Seattle and California, birthplaces of the $15 an hour minimum wage and the app that lets you spend it, have been at the forefront of labor and tech innovation. And now the Emerald City and the Golden State may be creating another addition to modern employment law: a union for gig workers.

West Coast legislation could give gig workers like Uber and Lyft drivers the ability to organize and form unions, as well as collectively bargain for pay and benefits. Sounds like an old idea is disrupting the disrupters.

Labor Legislation

Last week, Seattle's city council voted to allow for-hire drivers (from cabbies to Uber and Lyft drivers) to unionize, and drivers in the city created the Washington App-Based Drivers Association with the Teamsters Local 117 as a means to protect drivers' rights and collectively bargain with employers. Meanwhile, California assemblywoman Lorena Gonzalez is planning to introduce the California 1099 Self-Organizing Act in January, which would allow gig workers to collectively bargain with platforms like Uber, Lyft, and TaskRabbit without forming unions. California has its own App-Based Drivers Association, aligned with Teamsters Local 986 based in Los Angeles County.

Driver Designation

The National Labor Relations Board only allows employees to form unions, and gig employers have gone out of their way to classify gig workers as independent contractors in order to avoid union organization and other employee protections like minimum wage, overtime pay, workers' compensation, and unemployment insurance. And there are quite a few current lawsuits challenging the employee/contractor distinction for gig workers.

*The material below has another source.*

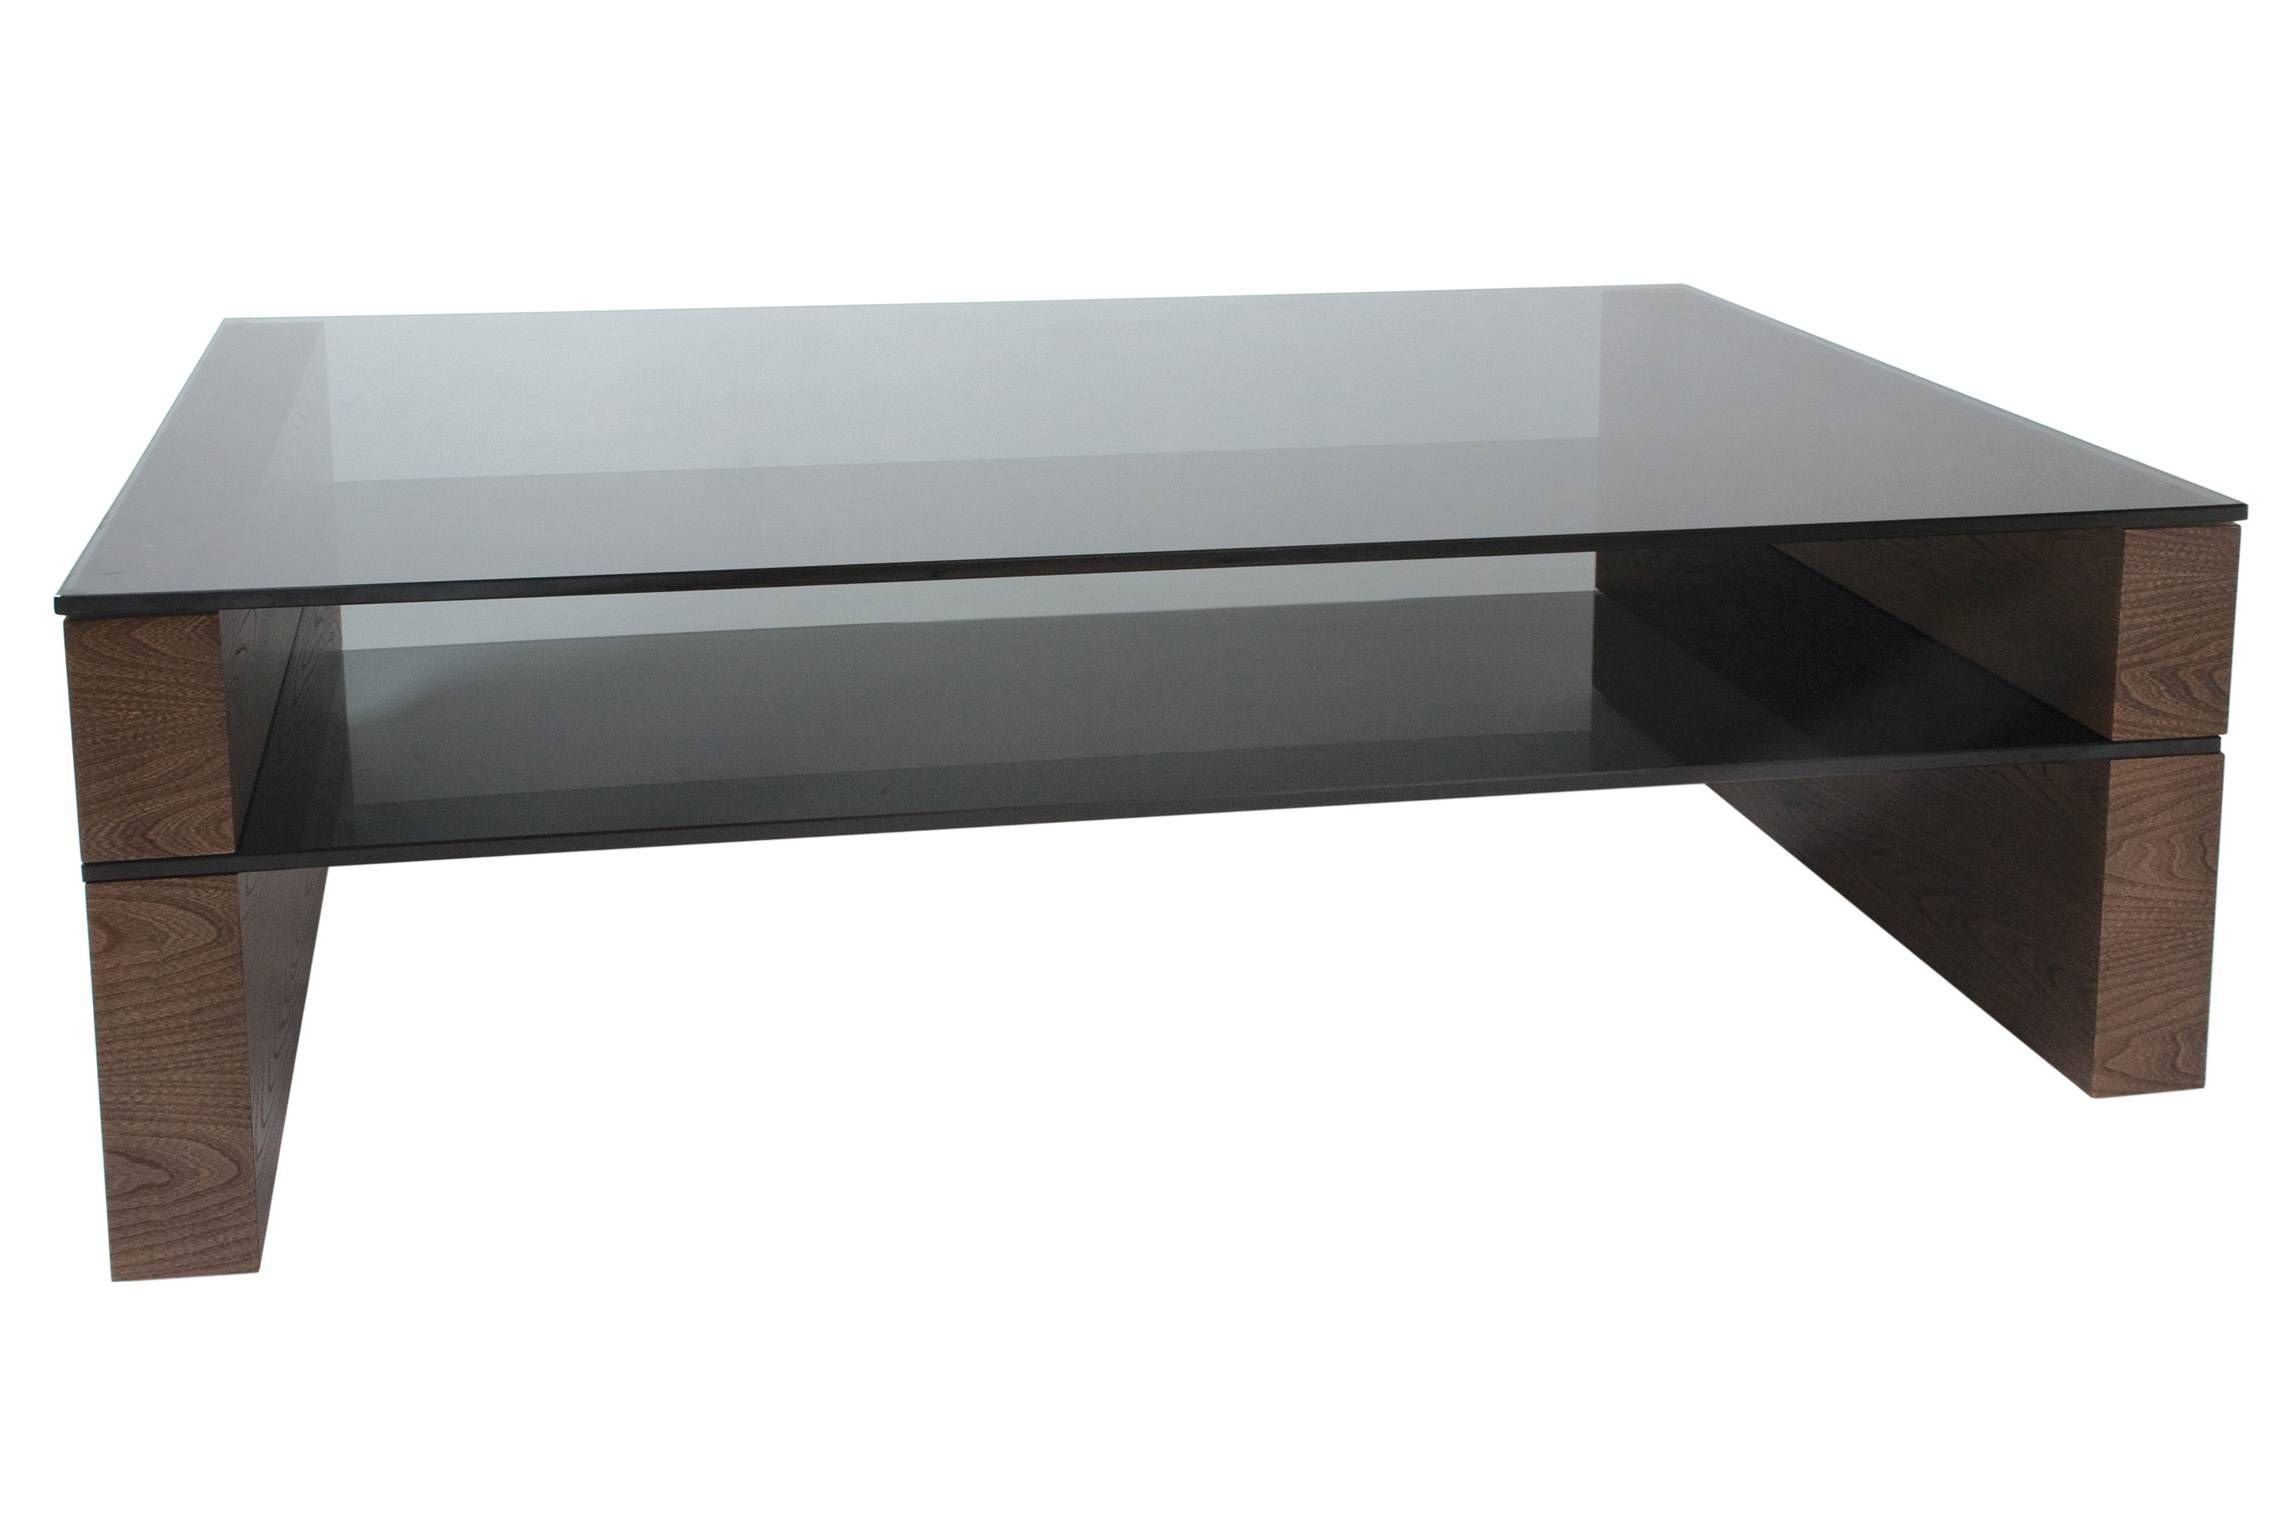 Coffee Table: Incredible Elephant Coffee Table Design Ideas With Elephant Coffee Tables With Glass Top (View 20 of 30)
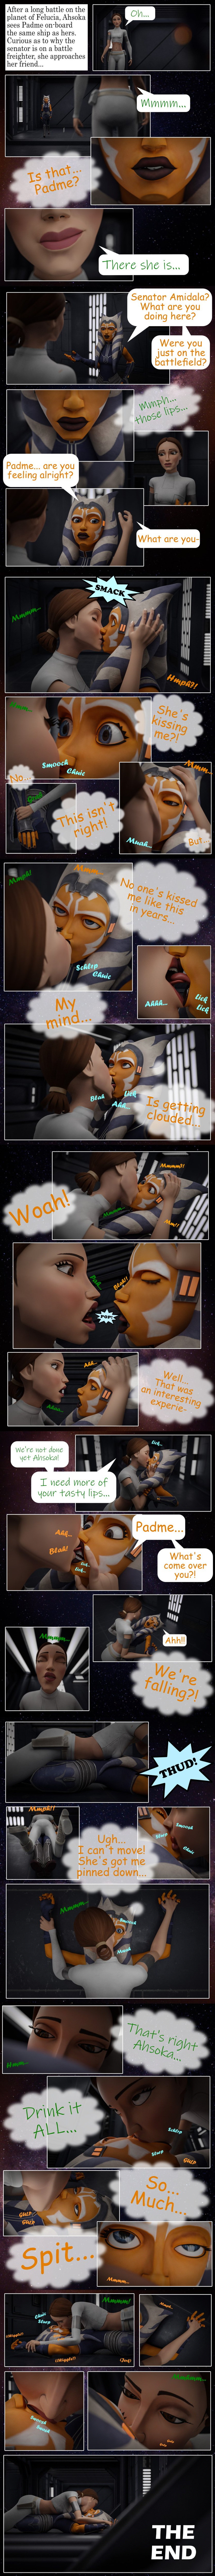 2girls 3d adult_and_teenager adult_woman_and_teen_girl age_difference ahsoka_tano blender clone_wars colchia comic delicious_spit disney domination drinking_spit dubious_consent female female_only forced_kiss forced_yuri french_kiss french_kissing human interspecies kissing makeout no_self_control older_woman_and_teenage_girl padme_amidala pinned pinned_down rape saliva_swap star_wars submissive swallowing_spit teenage_girl the_clone_wars:_season_seven togruta tongue until_they_like_it wanting_more yuri

The fate of both efforts is up in the air. Uber and Lyft will probably challenge the Seattle measure, and there's no guarantee the California bill will pass. But their mere existence and support evidence an attempt to circumvent the laws regarding union membership and employment status; the same laws platforms like Uber and Lyft were attempting to circumvent by classifying full-time workers as contractors rather than employees. They're a jerry-rigged solution to a rigged problem, and one that businesses employing contractors or gig workers may need to keep an eye on.